Posted in Trends with tags , , , , , , , , , on June 21, 2009 by mentalorange

pubenemiesBank Raids – Universal Pictures’ new game promoting Public Enemies.  The game takes a clue from Spymaster’s recent success on Twitter … and after a few minutes (logging in using Facebook Connect) I am at least temporarily addicted to improving my skills as a 1930′s Chicago gangster.

It would be better if it more directly involved friends in the play (aside from just bragging about your successes failures via Facebook/Twitter – in my case, huge failure) but is definitely a step in the right direction.

You are What You Do (I Think).

Posted in Insights with tags , , , , on June 11, 2009 by mentalorange

I wish I could sew.  Or build a shelf.  Or fix a shoe.  

Okay, I probably could if I looked up the instructions and tried.  

But the point is … skills like these seem like they might be increasingly valuable or at least more personally gratifying these days.

At least when you make something, it’s yours.  You can hang it up, put it on a mantle, and say YOU MADE THAT.

But in a world where we are all connected and constantly sharing, THINKING of something original is really not so valuable.  I mean … no one can really know if you thought of something on your own anymore … and does it even matter?  People steal ideas and words from each other all the time.  Isn’t that the whole point of the Internet?  

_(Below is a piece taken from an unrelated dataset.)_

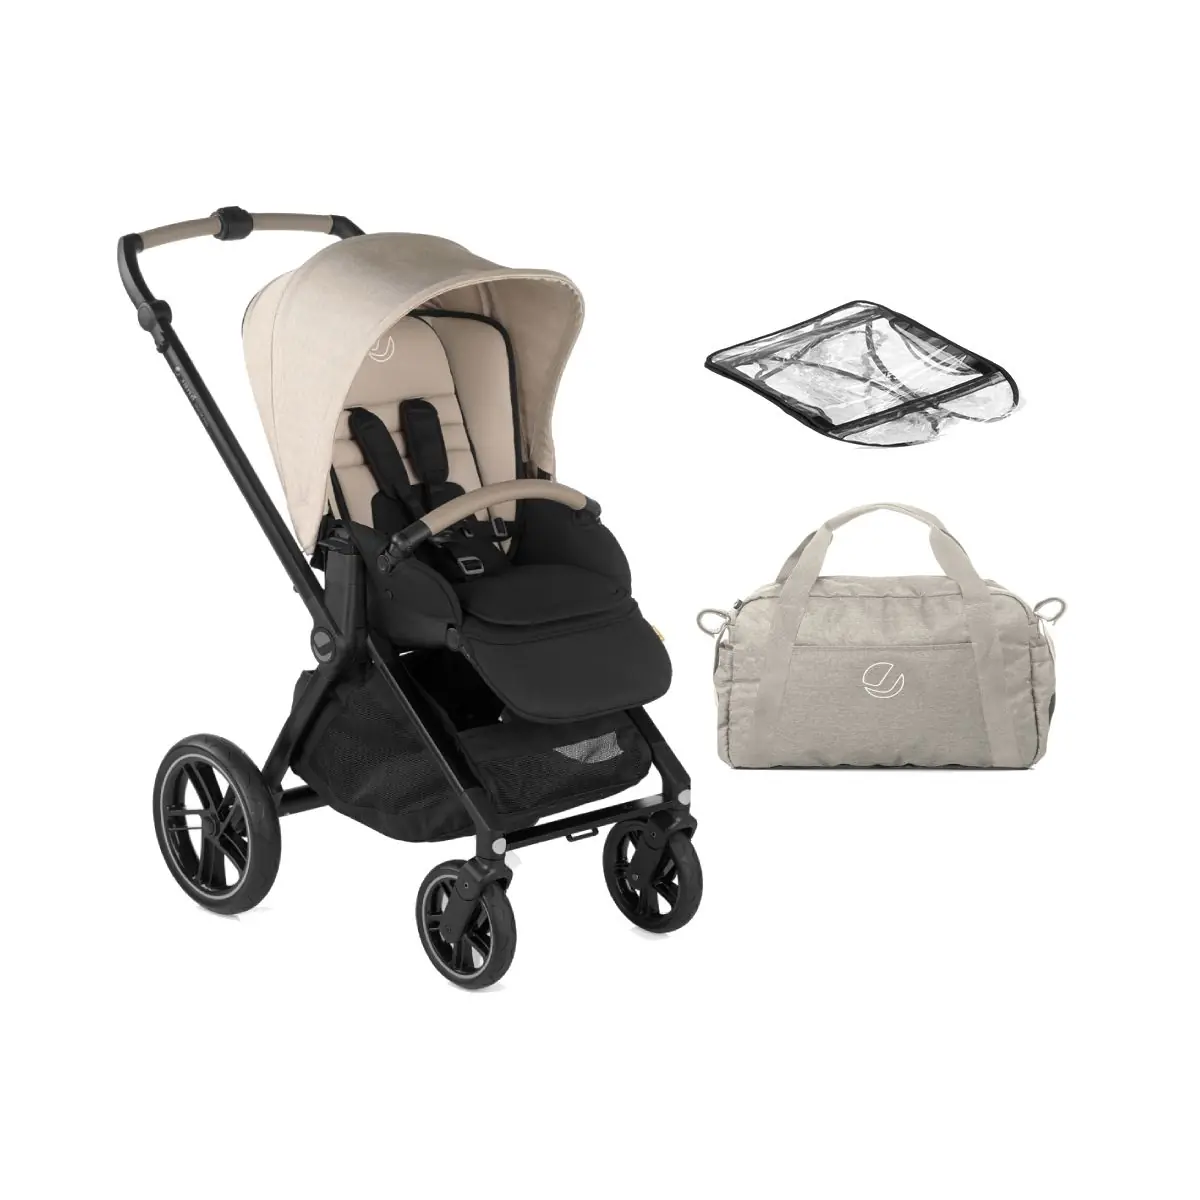 Jane Muum Pro travel system review - Which?

But now more than ever, we’ve all been seduced into creating and sharing so many of our thoughts (because of course not doing so somehow means we aren’t doing a good job of “personal branding”) that we can’t even keep track of what we’ve told people … or what we thought of ourselves!  We can steal a stranger’s witty one-liner from Twitter and use it as our own.  You might be interviewing someone for a job and think said person is brilliant because (wow!) they are answering the question just as you yourself would … only to realize, oh wait – that’s because they found your exact thoughts on the subject by digging up your supposedly anonymous blog.

But does this matter?   

As traditional media business models (particularly in publishing/journalism) break down and new ones crop up, there is likely to be a more direct link between thinkers (writers) and revenue than ever before.  Example: True/Slant attempts to solve the problem of smart/former journalists failing at making enough revenue on their own by giving these “knowledge experts” a share in the ad revenue they bring in as a result of their writing/popularity.

So in a way, I think it does matter.  There will be more opportunities for hungry, good-at-personal-branding individuals to make money.  That is not a bad thing.  But there might also be more reasons for smart (not as good or interested in personal branding) people to think twice before telling others what they think.  

But who knows.  What motivates “thought leaders” to think and tell people all of their good ideas in the first place?  Maybe they are just doing it for the general good and they don’t care about getting credit?  Maybe imitation really is flattery?  Maybe they don’t mind if the rewards (both material and non) go to those who are better at re-packaging/self-promoting?

Or maybe they will take up knitting.

No Budget = the New Low Budget

Posted in Trends with tags , , , , , , , , , , , on May 24, 2009 by mentalorange

We’ve already seen how the Internet can bring people together to create some pretty amazing things for very little money.  But what about for free?  

This past week, 30-year old Marc Price debuted his $70 zombie movie at Cannes and is now negotiating with Japanese and American distributors interested in the film.  Dude went on MySpace and Facebook soliciting volunteer zombies and make-up artists, and offered them nothing more than tea and coffee.  Apparently it worked. 

Perhaps the economy doldrums mean there are enough jobless and job prospect-less people out there who just want to be part of something interesting, hopeful, and un-dead.   

[Okay, I fully realize that the $70 might be an exaggeration and without seeing this guy's receipts, might just be fodder for an attractive headline ... but even if the guy actually spent a few hundred, or even a couple thousand bucks ... it's still pretty much the same.]

Either way, not really a bad time for anyone with broadband and an idea.